The jokes

Roof

One night I was lying in bed, looking up at the stars. As I lay there, I thought to myself: WHERE'S THE ROOF?

Funeral

My relatives always teased me during weddings, saying, "You'll be next!"

But they stopped when I did the same to them during funerals.

Ceiling fan

I bought a ceiling fan the other day.

It was a complete waste of money.

He just stands there applauding and saying, "Ooh, I love how smooth it is."

Download

"You are under arrest for illegally downloading the entire Wikipedia!"

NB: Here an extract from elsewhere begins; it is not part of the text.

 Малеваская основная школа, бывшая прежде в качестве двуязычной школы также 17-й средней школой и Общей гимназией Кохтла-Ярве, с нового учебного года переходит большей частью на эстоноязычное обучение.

"Wait! I can explain everything!"

Memes

Cow

Why does a milking stool have 3 legs?

Because the cow has the udder one.

Mayonnaise

What did the mayonnaise say when the refrigerator door was opened? Close the door, I'm dressing.

Money

Why do goalkeepers have so much money in the bank?

Because they are really good at saving.

World Trade Center

"Hello, this is your captain speaking. We are flying at a level of 89 feet. If you look out of your window on the left, you will see the World Trade Center."

Eye

What did the left eye say to the right eye?

Between you and me, something smells.

Victim

Victims of 9/11 are the fastest readers. They went through 94 stories in seconds.

Dick

What did the balls say to the dick?

Hey dick, how's it hanging?

WiFi

How do you make Stephen Hawking mad?

You turn off the WiFi router.

Counselor

The depressed kid walked into the counselor's office.

"I'm feeling like killing myself," he said.

"Oh no! Don't worry, sweetie, just hang in there!," the counselor responded.

Scientist

Scientists have proven that there are two things in the air that have been known to cause women to get pregnant: their legs.